Cables make more contact. What failure points are there on an unfrayed cable rated at several thousand pounds of tensile?  The "Baker Slide" was termed from reality.  I've never had that with such regularity using Ol' Man, Summit, and API stands.  Those old top blades might cut into pine or poplar bark to a limited degree but wouldn't make a mark on red/white oak and hickory.  Beech? Forget it!


----------



## rjcruiser (Dec 27, 2011)

Cables or chain for me. Blades are heavier, don't collapse as easily as both sides have to be on the same peg hole and blades limit the size of tree you go up. 

Never had a slip on my old summit shooter 2 boss or my newer summit open shot,  but I prefer the new summit cables 10-1 for ease of set up and take down.


----------



## Inthegarge (Dec 27, 2011)

To me the blades just didn't have the flexibility of chains and the still slipped on certain trees and especially when cold or icey..... Remeber when tapered blocks were recommended for blade stands ??  What a nightmare...They don't have the range/flexability you can get from chains .......I prefer chains over cables because they have more adjustment capability and handle more weight capacity....


----------



## matthewsman (Dec 27, 2011)

*I use both*

But prefer cables. Blades only grip the tree on two points. As far as cables failing, blades can too. Especially the nuts and bolts. Plus you don't have to worry about them getting lost.

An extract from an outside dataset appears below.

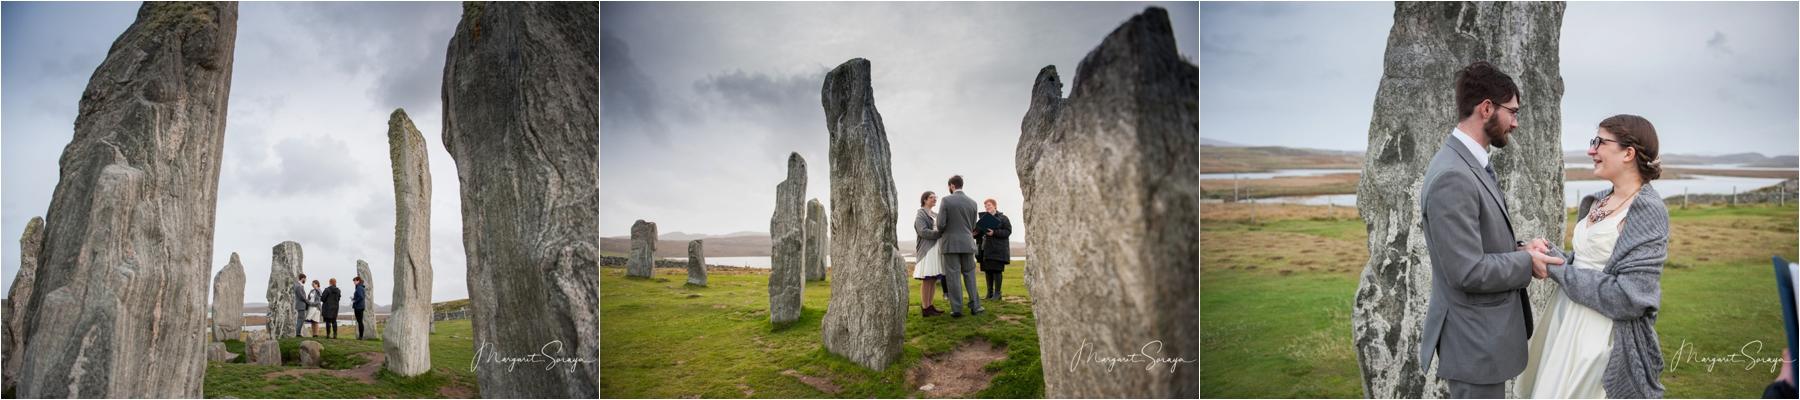 Getting married at callanish stones stornoway elopement photographer

Cables= quieter faster setup...can order replacements... don't have to worry about losing wing nuts...


----------



## whchunter (Jan 2, 2012)

*Mine*



deadend said:


> Cables make more contact. What failure points are there on an unfrayed cable rated at several thousand pounds of tensile?  The "Baker Slide" was termed from reality.  I've never had that with such regularity using Ol' Man, Summit, and API stands.  Those old top blades might cut into pine or poplar bark to a limited degree but wouldn't make a mark on red/white oak and hickory.  Beech? Forget it!



My Tom Cat and Buck Shot have teeth that bite into any tree. After using my Buck Shot on any hardwood it looks like a tiger has attacted it.


----------



## The Flying Duckman (Sep 17, 2012)

Have both, and have used both for years.  I prefer the cable.  Primary stand now is the Sumit Viper.


----------